The Janus home was in a fashionable west side neighborhood. It was a big, cedar-sided contemporary house surrounded by similar houses. The lawn was elegantly manicured, the landscaping a tad ostentatious, though not overbearing, and the whole effect was one of calculated neatness, and taste.

But that was not all that Ryerson was seeing.

He was also seeing demons.

Demons slavering at the windows; demons slithering through doors; demons poking their awful heads from the chimney; demons squatting beneath the shrubs.

And for Ryerson, the really hellish thing of it all was this: he knew that these demons were real. As real as the house, as real as the grass, as real as his damned argyle socks.

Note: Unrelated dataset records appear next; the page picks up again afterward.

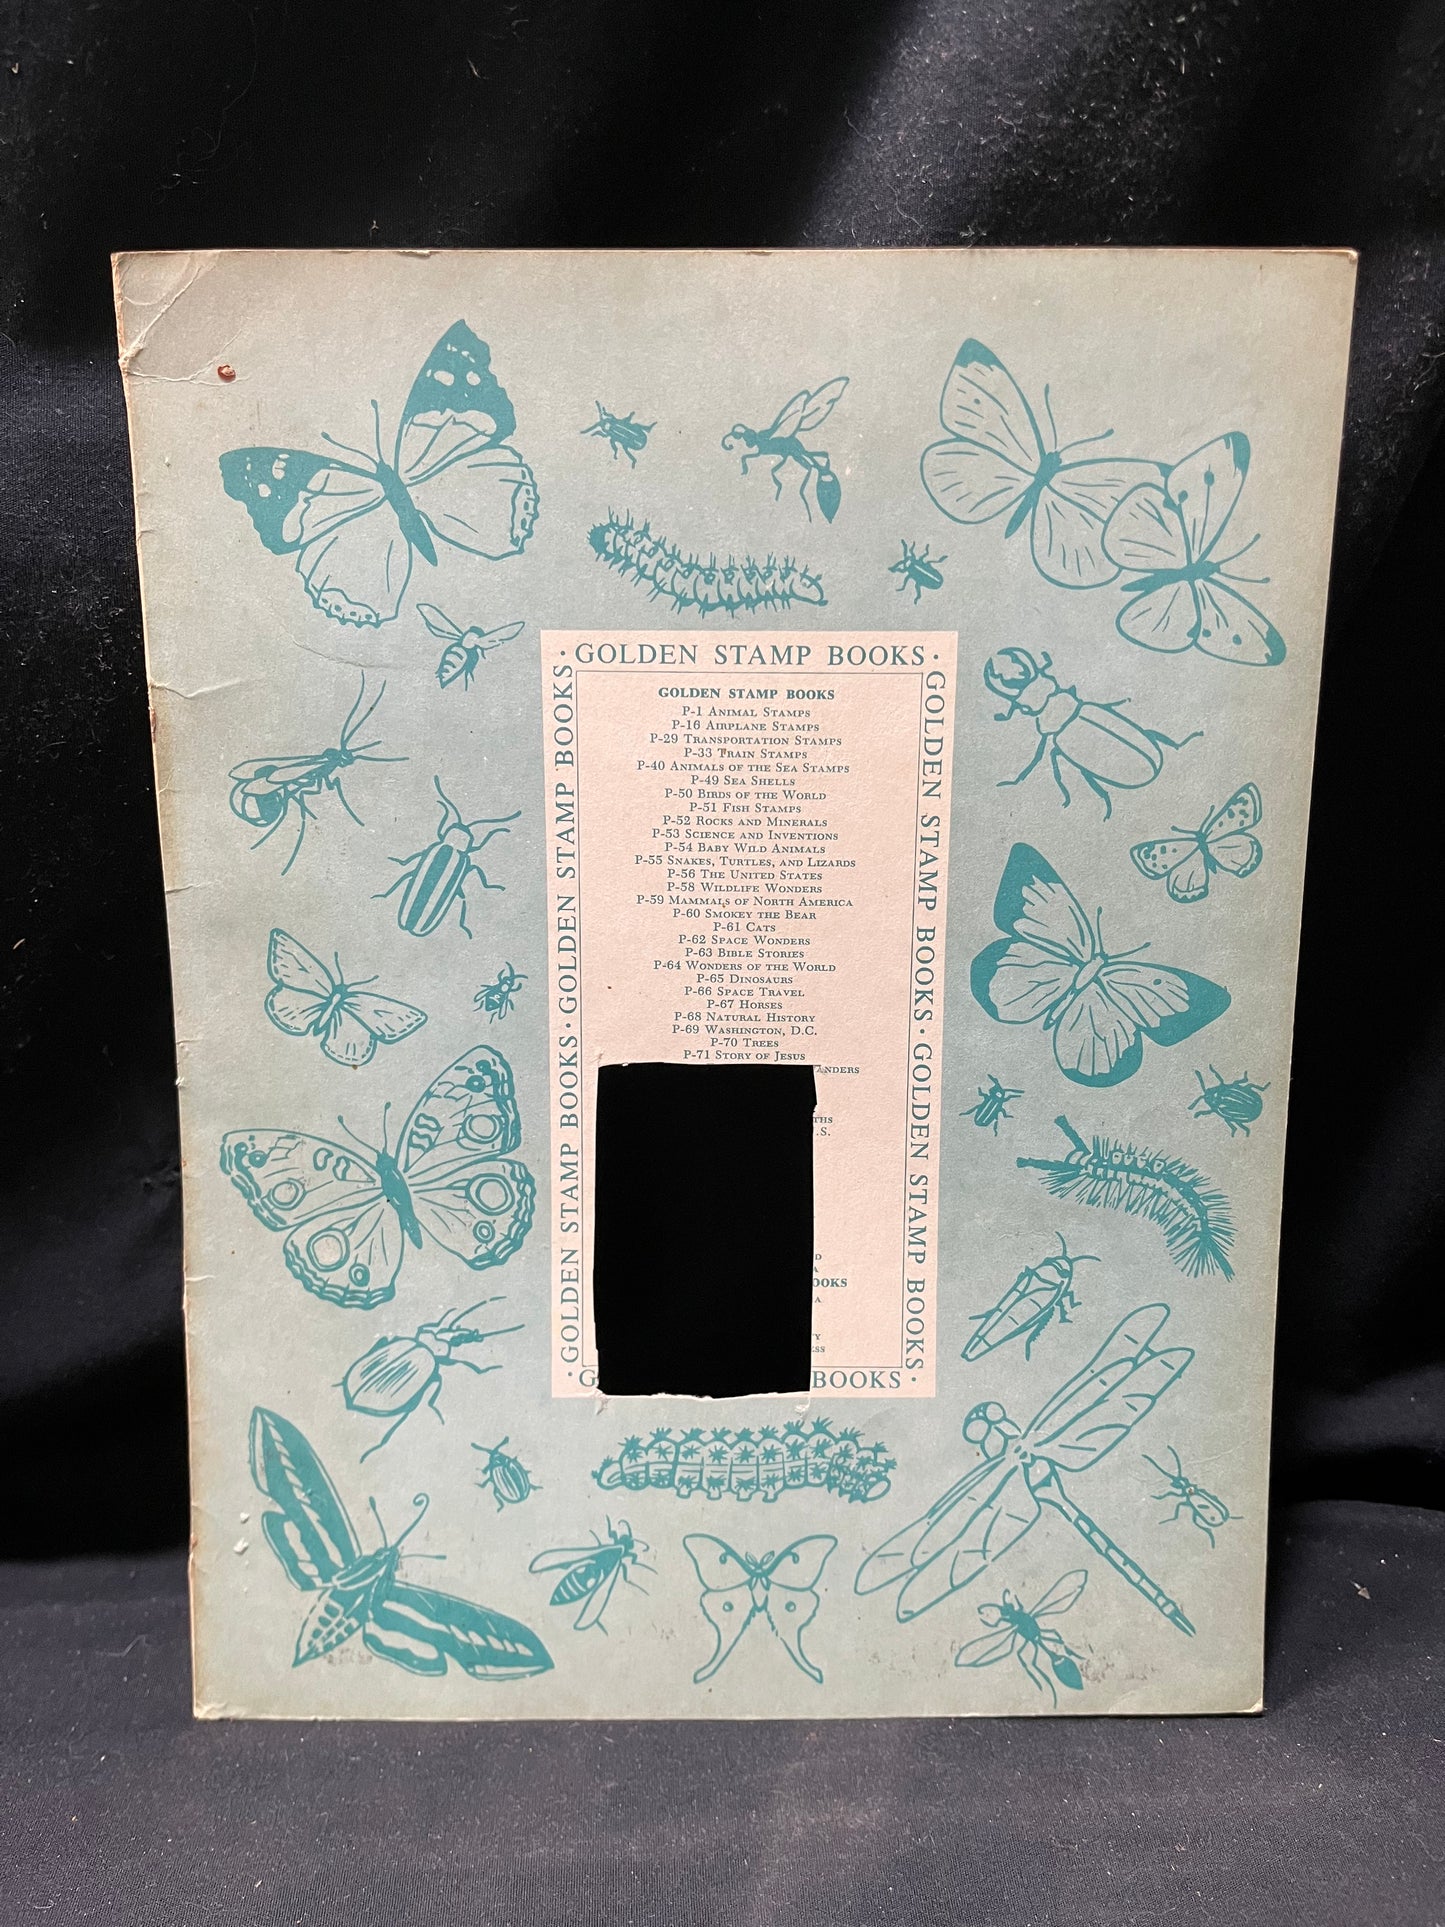 A Golden Stamp Book "Butterflies and Moths"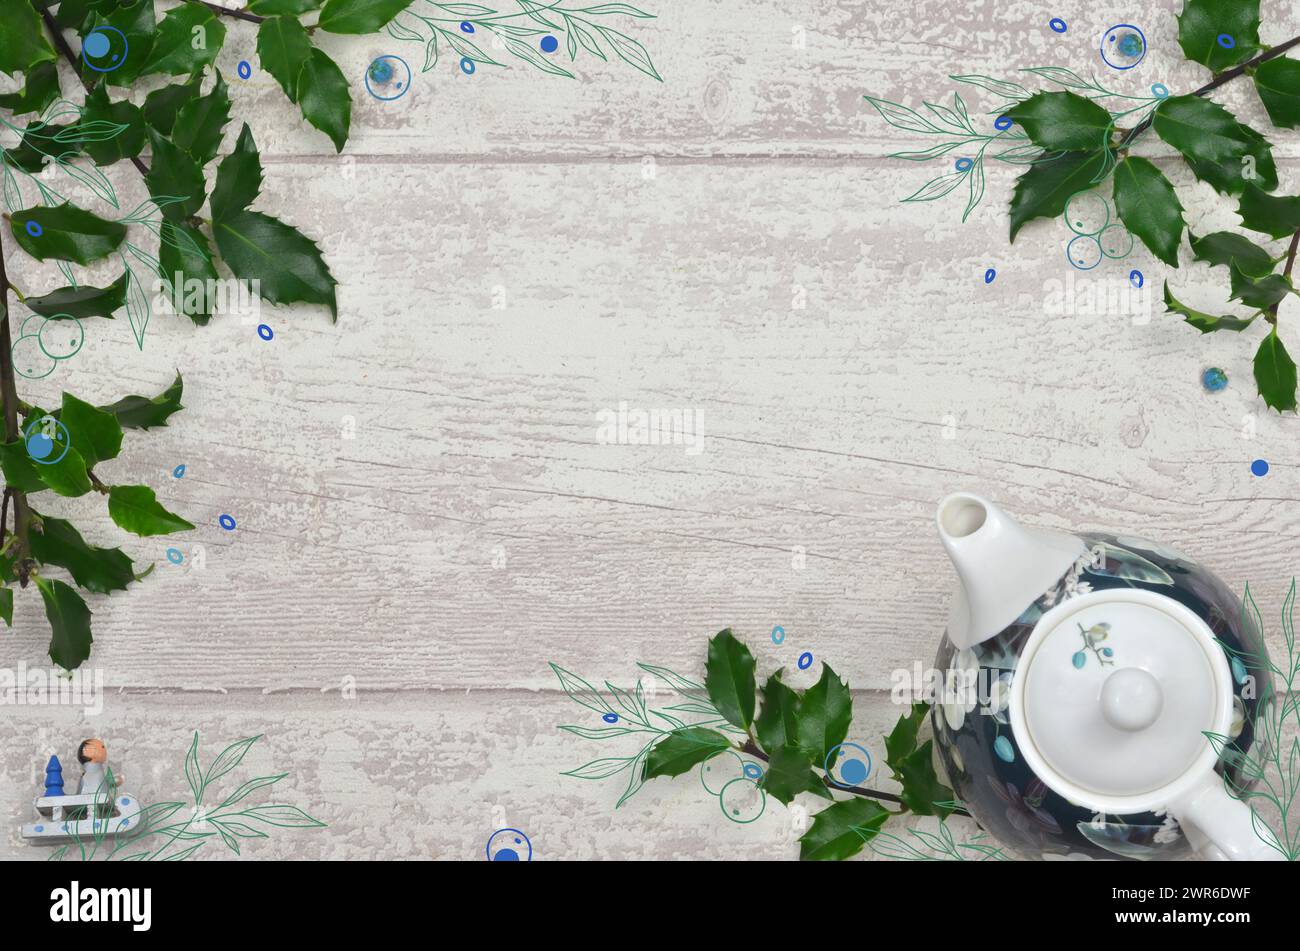 Foto gemischt mit Grafikrahmen mit grünen Blättern, blauer Dekoration, leerer Platz zum Ausfüllen. Stockfoto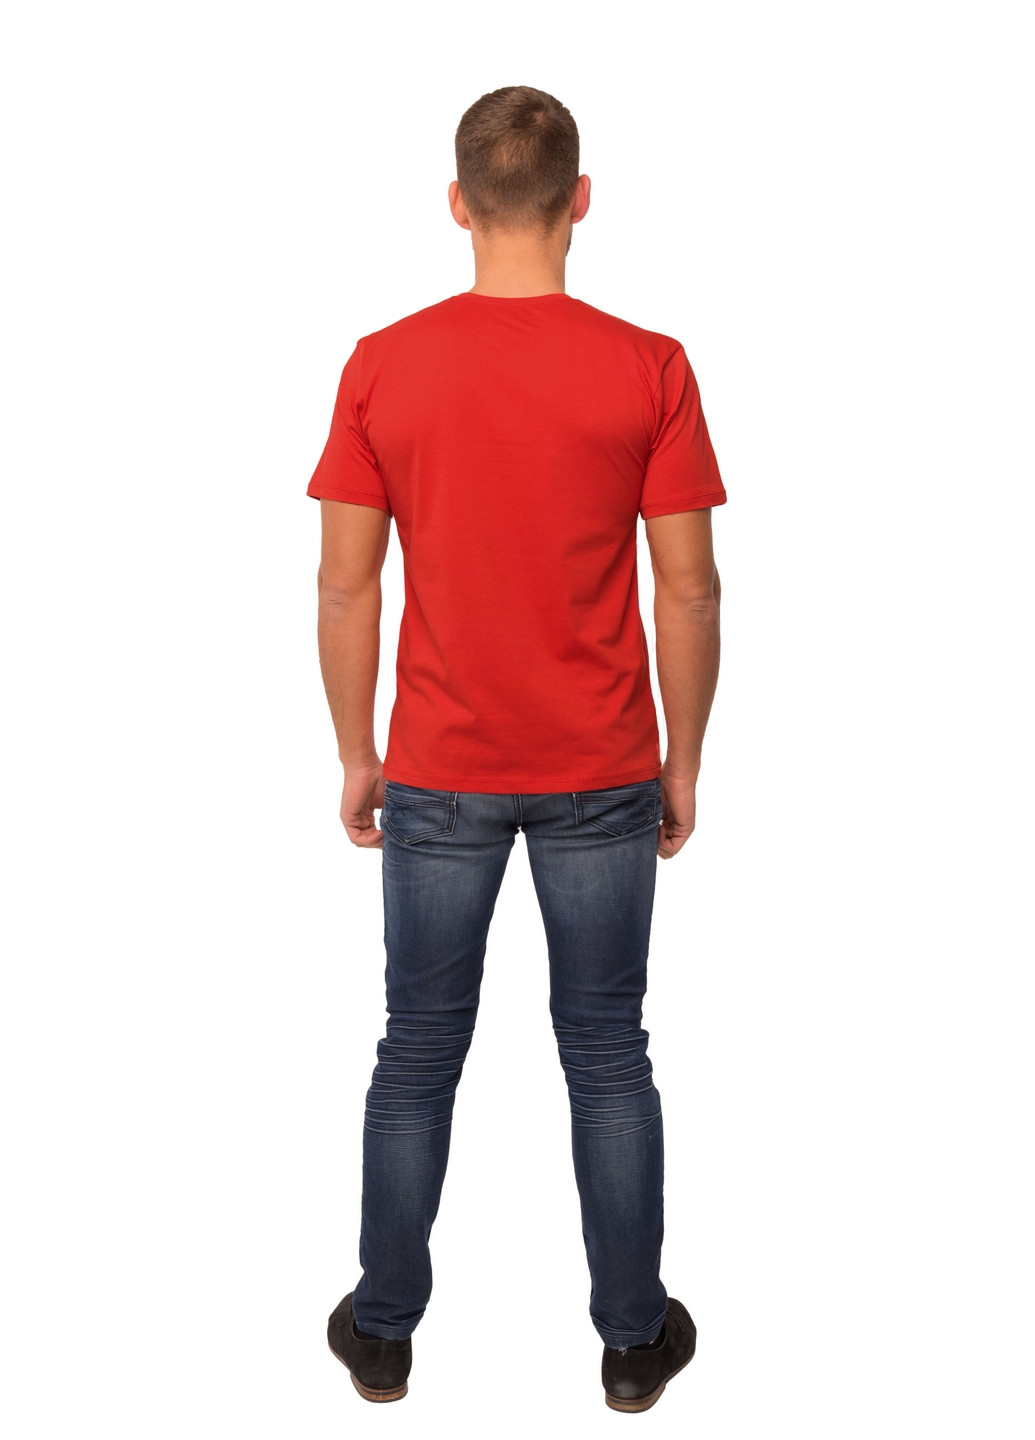 Красная демисезонная футболка мужская Наталюкс 12-1343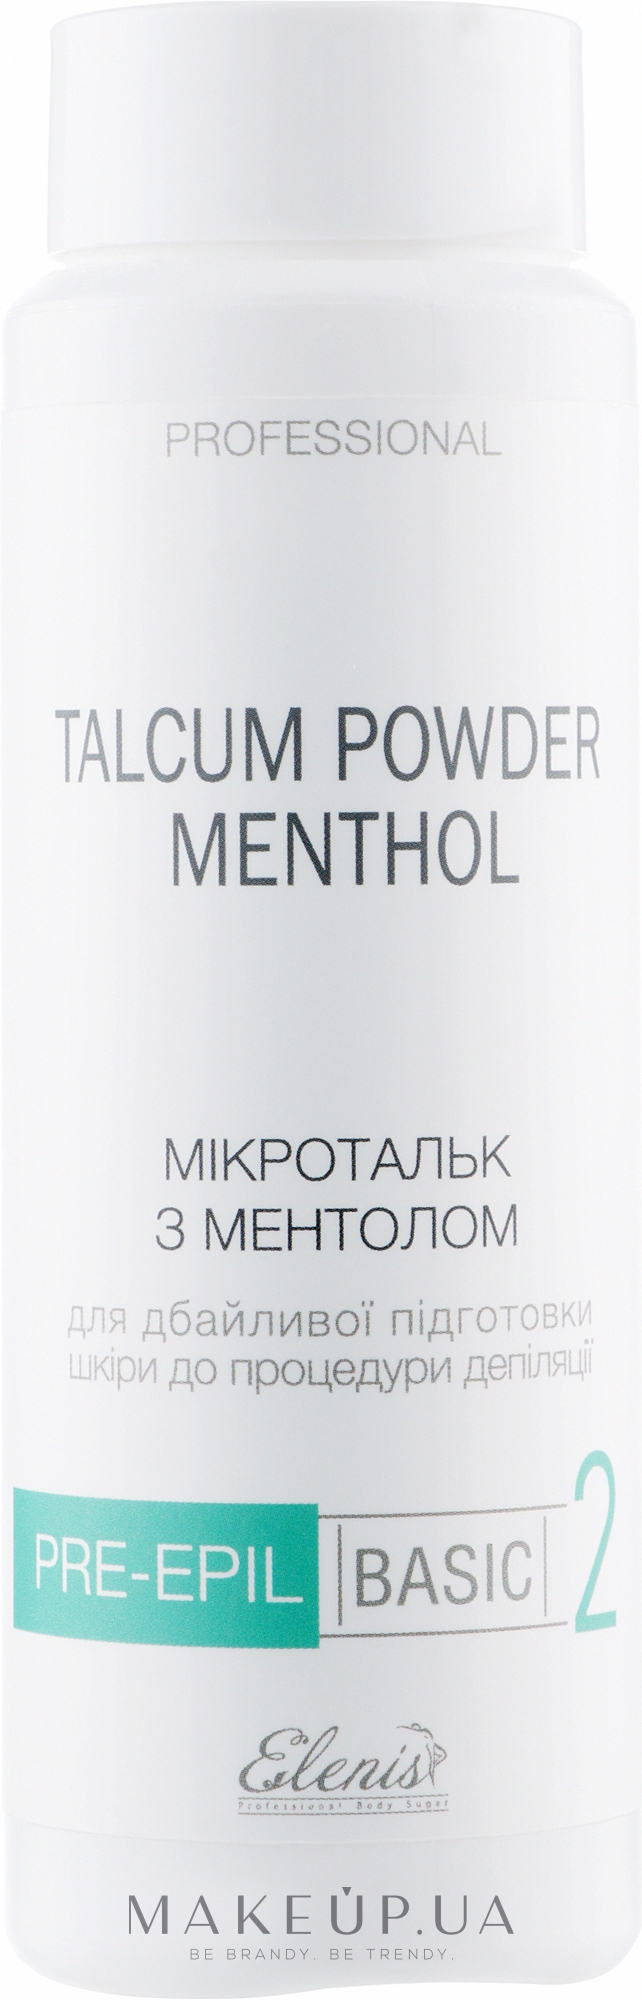 Микротальк с ментолом для тела - Elenis Pre-Epil Talcum Powder Menthol — фото 150g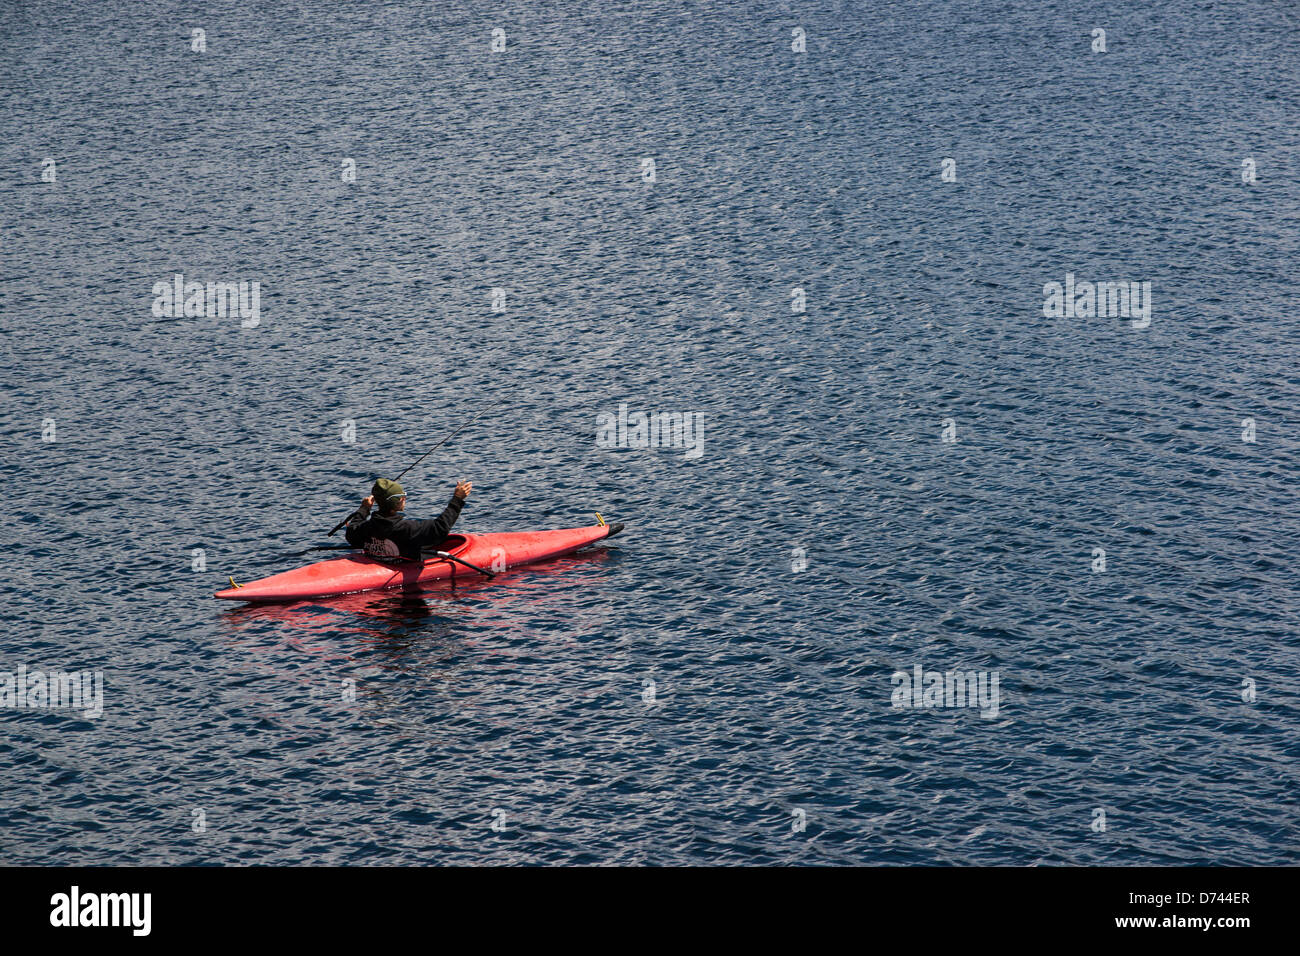 Un homme est vu pendant la pêche à partir d'un kayak rouge dans un lac avec de l'eau d'un bleu profond. Leadville, Colorado. Banque D'Images

As real as Joan believed them to be.

Murderously, obscenely real!

They were not merely something that his incredibly sensitive and creative psyche had manufactured to give his feelings palpability-something to touch and hold on to because feelings all by themselves can slip away in an instant. That had happened before; his mind's eye had created for him what his feelings told him were real. In Boston, at a house plagued by classic poltergeist-type hauntings, he had seen the grinning head of a young girl bouncing like a basketball from room to room, and from that was able to link the hauntings to a girl of twelve who lived at the house. But that bouncing head had not been real, and he knew it the moment he saw it. It was a symbol, a representation of reality. He'd been certain of that right from the start.

His only certainty now, in front of the Janus house, was that the world was alive with possibilities. Crawling, slithering, slavering, grinning possibilities.

"Hey," he heard one of the uniformed cops nearby say, though to Ryerson it sounded as if the cop were a million miles away, "you wanta move back a little; this is a crime scene, you know."

Ryerson took no notice of him.

The demons he was seeing were much as he would have imagined them. They were thin and misshapen, fat and smooth and wrinkled, olive-colored and dull orange and very light blue; they were translucent, transparent, beaked, fanged, owl-eyed and eyeless; they crawled, they hopped, they hunkered about on thin greasy thighs; they were monkey-faced, no-faced, two-faced, motionless; they vibrated like water, they sang, they hooted, they were shrill the way bluejays are shrill; they sat on necks, on arms, on heads, their huge crooked organs dangling over noses and mouths; they smelled of the earth, and of death, and of winter air.

They were as present as air.

The uniformed cop said again, "Get out of the way, mister-this is a crime scene!"

"Who the hell is he?" said another one.

"He's looking for Captain Lucas."

Ryerson began to lose it. His body quivered; his mouth opened and closed; his eyes watered from staying open too long.

Guy Mallory appeared in front of him. He said, "Captain Lucas isn't here. I'll tell him you were looking for him. What'd you say your name was?"